The increase in activity on the BTC network has caused transaction fees to shoot up. According to a new research by Crypto Parrot, a cryptocurrency trading simulator, BTC fee per transaction rose from $0.6 in February 2020 to $12.46 as of February 8, 2021, representing a growth of 1,976.66 per cent (or 20-fold increase). The fees were calculated based on a 30-day average.
The report, sent to Financial Nigeria by Crypto Parrot, also shows that year-to-date (YTD), the transaction fees have grown by 81.1 per cent. The increase in the BTC transaction fees correlates with the recent surge in value of the cryptoasset.
"The surge in the asset's value resulted in most people buying Bitcoin in a bid not to miss out on the rally. When prices surge, more potential investors show interest in buying Bitcoin since the fear of missing out (FOMO) usually sets in,” Crypto Parrot said in a statement on Wednesday. “In this case, the Bitcoin blockchain often gets congested as miners compete to process the transactions leading to a skyrocketing of fees."
The report also provides data on the total hash rate of the BTC network on a 30-day average. Its findings reveal that the hash rate as of February 8, 2021 was 151.7 million trillion hashes per second (TH/s), compared to 109.7 million TH/s one year ago. This represents a growth of 38.28 per cent over the last 12 months.
According to Crypto Parrot, the hash rate is defined as the processing power of the bitcoin network or the speed at which miners are able to perform proof-of-work calculations per second. A hash rate of 151.7 million TH/s means the network can make 151.7 quintillion calculations per second.
Typically, the higher the hash rate, the more miners are participating in the network. The hash rate is also a key security metric. The higher the hashing or computing power in the network, the greater its security and its overall resistance to attack, according to Blockchain.com.

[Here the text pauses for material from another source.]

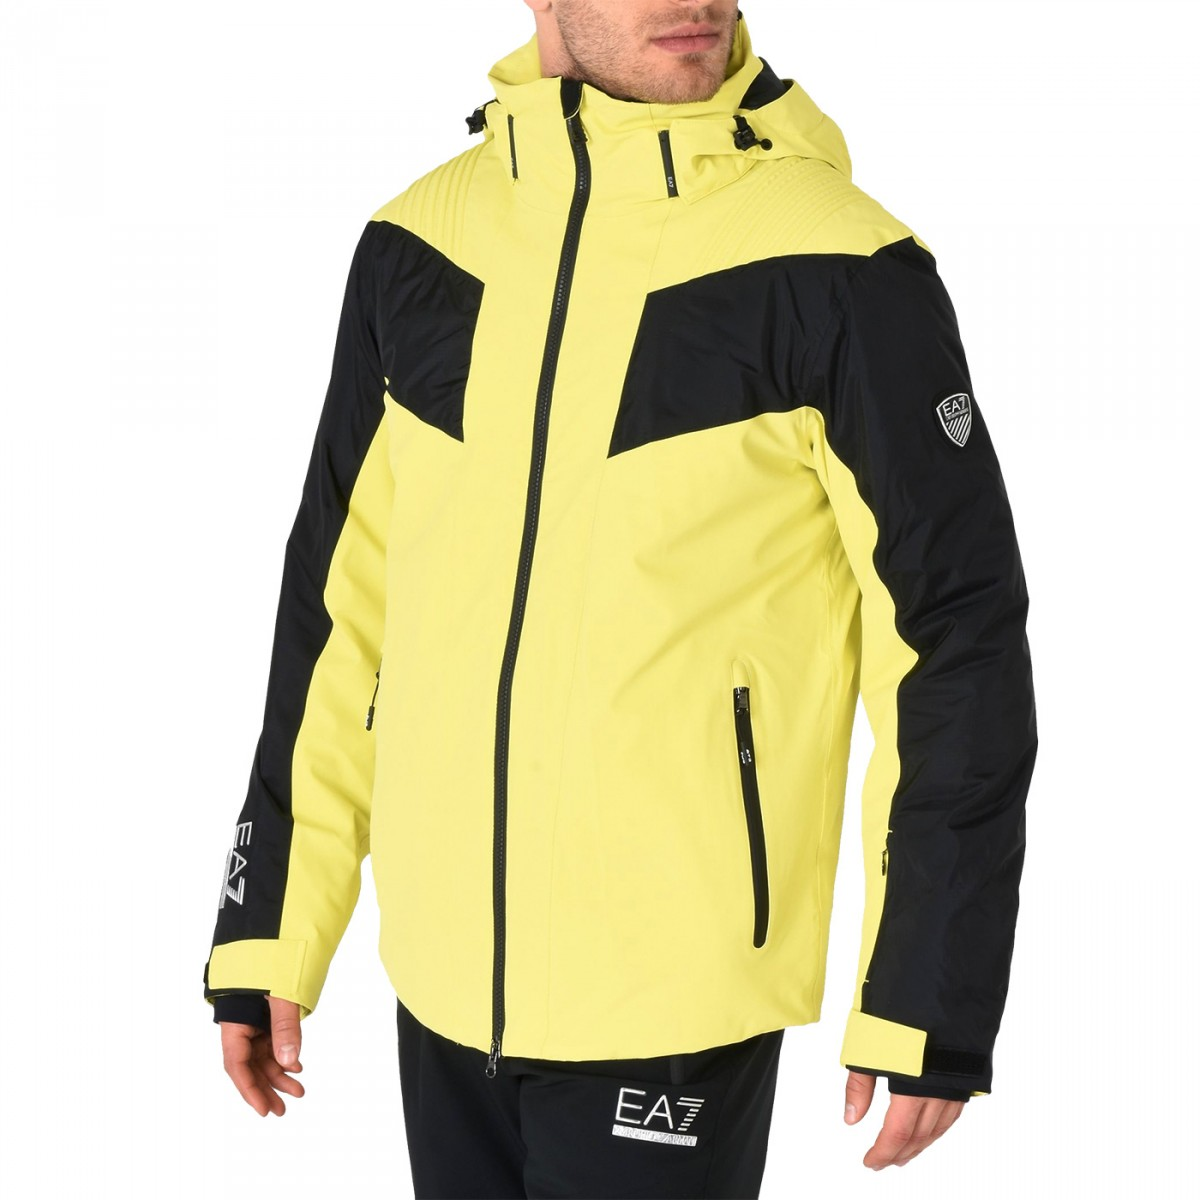 Gsou nieve camuflaje chaquetas de snowboard traje de esquí

Per data by Crypto Parrot, the hash rate has grown by 11.38 per cent year-to-date.
Nigeria is the world's second-largest bitcoin trader after the United States. Between 2015-2020, Nigeria traded bitcoins worth more than $566 million. Amid the growth of cryptocurrency trading in the country, the Central Bank of Nigeria (CBN) issued a circular last week reiterating a 2017 directive that the use of cryptocurrencies in Nigeria contravenes existing law.
The directive prohibits financial institutions from carrying out transactions in cryptocurrencies or facilitating payments for crypto exchanges. It also directs banks to close accounts of persons or entities involved in cryptocurrency transactions.
The ban on cryptocurrencies, according to the apex bank, is to safeguard the financial system against money laundering, terrorism financing, illicit fund flows and criminal activities. The CBN also cited the speculative bubble in the cryptocurrency market and the extreme volatility in price movements of the assets as reasons for the ban.
As of 11 a.m. Nigeria time on Thursday, BTC was trading at $45,447.50, having dropped by 3 per cent from yesterday's peak.